Samuel Benfield Steele  
1848 – 1919
Scarlet Rider of the Frontier

Sam Steele was born at Purbrook, Ontario in 1848, and joined the Canadian militia at the age of 16.  In 1873 he was the third person to join the newly created North West Mounted Police and participated in the Great March West from Manitoba to Alberta.

In the 1880s, Steele was placed in charge of policing the entire length of the Canadian Pacific Railway. In 1885 he was promoted to Superintendent of the NWMP and led a group of officers, known as Steele’s Scouts, to participate in the North West Rebellion.  In 1887 he was sent to the Kootenay Region, where he established Fort Steele, the first NWMP post west of the Rocky Mountains. 

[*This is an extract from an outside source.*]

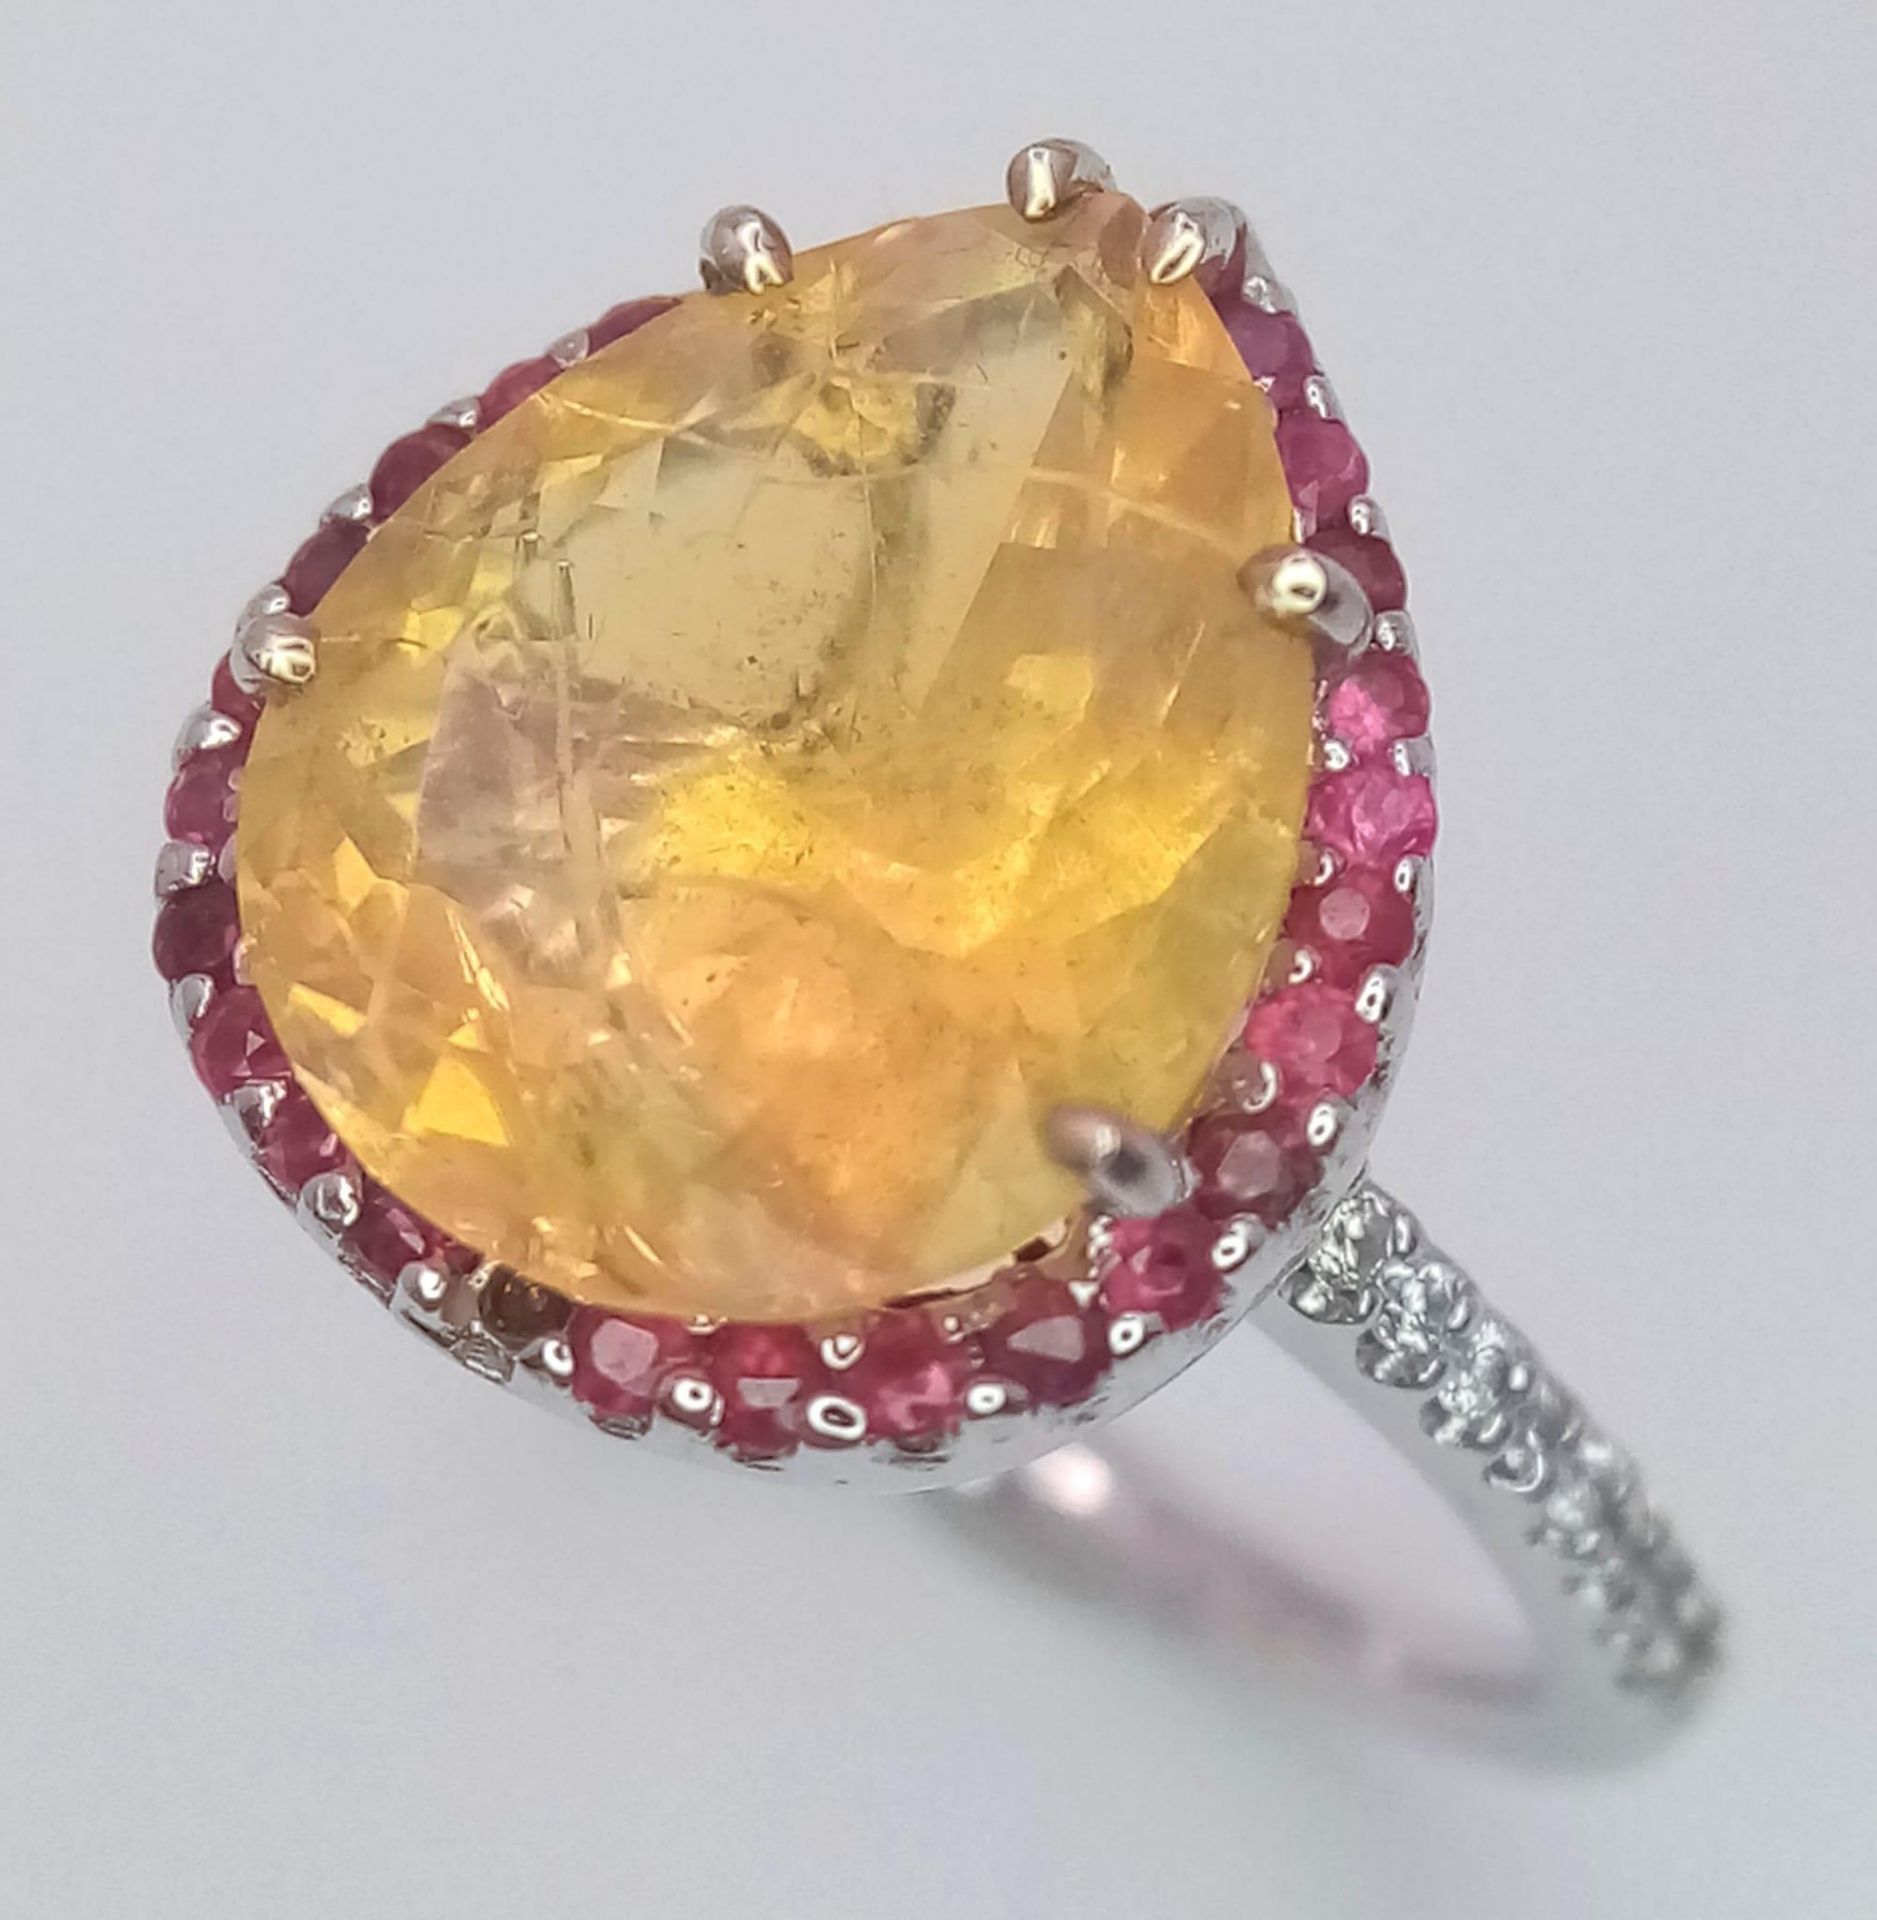 An 18 K white gold ring with a large, pear cut, fire opal exhibiting orange and green hues, - Image 4 of 9

In 1888 he was given command of Fort Macleod.  While posted at Fort Macleod, Sam Steele married Marie Elizabeth Harwood, the eldest daughter of Robert Harwood, MP, at Vaudreuil, Quebec in 1890. Home would be Fort Macleod until Steele was posted in 1898 to Dawson City during the Yukon Gold Rush. Three children were born to the couple: Flora, Gertrude and Harwood. All were born at Macleod.

While in the Yukon, Steele was in charge of all NWMP posts and establishing law and public works, such as water, drainage, garbage and fire fighting, and mail services for the city of Dawson.
 
In 1899 he volunteered to join the Boer War in South Africa, leading the Lord Strathcona’s Horse (Royal Canadians), a cavalry regiment.  He returned to Canada in 1906 where he commanded and trained military units in Calgary and Winnipeg.

In 1915, at the age of 67, he volunteered to join the Great War, and was sent to England to command and train all Canadian troops.  Colonel Steele was knighted by King George V in 1918. He died in 1919 and lies buried in Winnipeg.